Systems and devices in general must conform to a set of
definitions and standards to describe their behavior and characteristics. This
is necessary in order for professionals to effectively interchange ideas. In
this offer I will present some important definitions and standards that may be useful to all engineers.
Error
This is one of the most important quantities when
determining the accuracy of a measurement. In this context it is defined as the
difference between the actual value of a variable (quantity) and its measured
value. In control systems it is defined as the difference between the actual
value and the desired value of a variable. Figure 1 shows a calibration curve
of a sensor where the input variable is X and output variable is Y. The figure
shows the actual value of a measurement and the measured value. Note that the
error represents a range of values around the actual value and is normally
represented as a percentage.
Figure 1: Error Determination
Transfer Function
A general system can be represented by blocks that
describe different interconnected parts. Sensors are followed by transducers,
for instance. Each one of these blocks is a graphical representation of the
mathematical function of the relationship between the output and the input of
the block. In technical terms such a block is called a Transfer
Function.
Figure 2: General Transfer Function
Figure 2 shows a typical transfer function of a general
device. The transfer function T is a function of the input, the output, and --
in the case of a dynamic transfer function -- it is also a function of time, t. T describes the
relationship between the output and the input of the block. In general, for
linear systems, this relationship is simply the ratio of the output over the
input as it is indicated in the figure.
Transfer functions are composed of two parts (in some
systems one of these component does not exist): the dynamic part and the static
part. The dynamic transfer function is the relationship between the output and
the input when the input changes with time. The static transfer function is the
relationship between output and input when the input is not a function of time.

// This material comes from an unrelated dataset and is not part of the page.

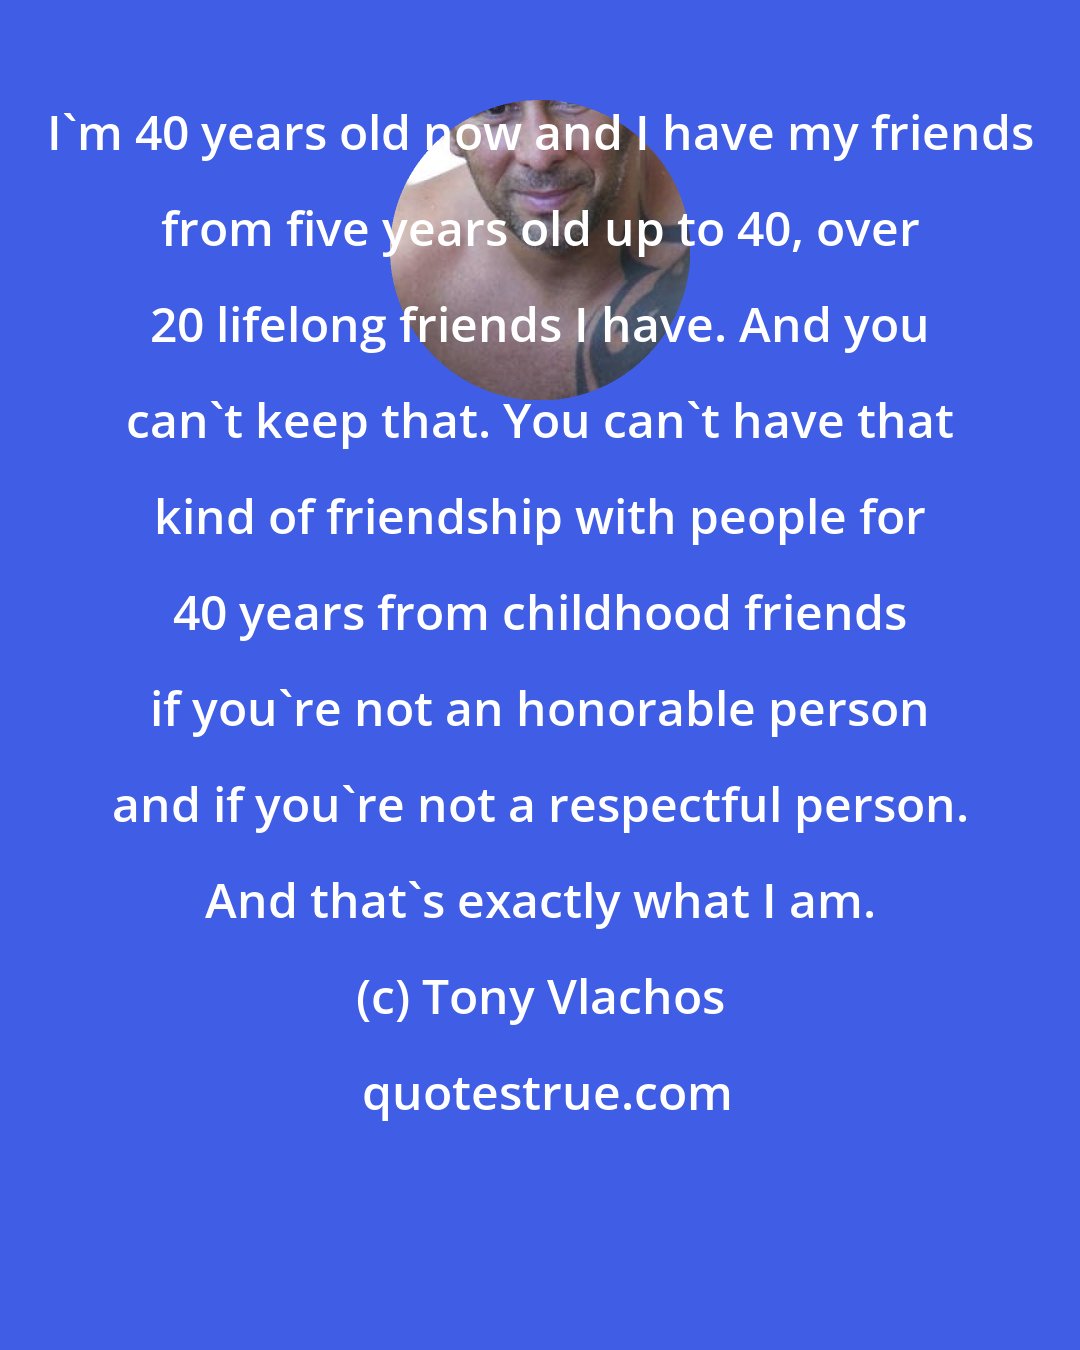 Tony Vlachos: I'm 40 years old now and I have my friends from five years old up to 40, over 20 lifelong friends I have. And you can't keep that. You can't have that kind of friendship with people for 40 years from childhood friends if you're not an honorable person and if you're not a respectful person. And that's exactly what I am.

Static transfer function can always be represented by simple fraction of output
over input. Dynamic transfer functions are normally represented by differential
equation.
Example 1: Static Transfer Function
Figure 3 is an example of a static transfer function. This
transfer function represents the relationship between the distance traveled by
a car and the amount of gasoline in the tank. As it can be seen there is a
linear relationship between the amount of gasoline in the tank and the distance
traveled. Therefore the transfer function is static.
Figure 3: Example 1
Accuracy
The accuracy of a device is the combined maximum overall
error (non--linearity, Hysteresis, repeatability, etc.) that is expected when
measuring a variable. This term is normally expressed as the inaccuracy or
uncertainty of the measurement. It can be expressed in several ways. The most
common are as follows:
·
Measured variable:The
inaccuracy is a percentage of any value measured.
·
Full-scale percentage (FS): The
inaccuracy or uncertainty of any measure is expressed as a percentage of the
full scale reading of the instrument.
·
Span percentage: The
uncertainty is expressed as percentage of the range of measuring capability of
the instrument.
·
Percentage of actual reading:
In this form the inaccuracy is a percentage of the value of the actual reading.
An example follows.
Example 2:
A voltmeter with a reading span of 5 -- 20 volts is used
to make a measurement. The reading results in a value of 8 V. Determine the
error and the possible range of voltages for the reading if the accuracy is (a) ±2% of any measurement,
(b) ±0.5% FS, (c) ± 0.6% of span, and (d) ± 0.8 of reading.
Solution:
1) Error
= ± (0.02)(8 V) = ± 0.16 V. The possible
range of voltages for this reading is: 7.84 - 8.16 V.
2) Error
= ± 0.005)(20 V) = ± 0.1 V. The possible
range of voltages for the reading is: 7.9 - 8.1 V.
3) Error
= ± 0.006)(20 - 5) V
= ± 0.09 V. The possible
range of voltages for the reading is: 7.91 - 8.09 V.
4) Error
= ± 0.008)(8 V) = ± 0.064 V. The possible
range of voltages for the reading is: 7.936 - 8.064 V.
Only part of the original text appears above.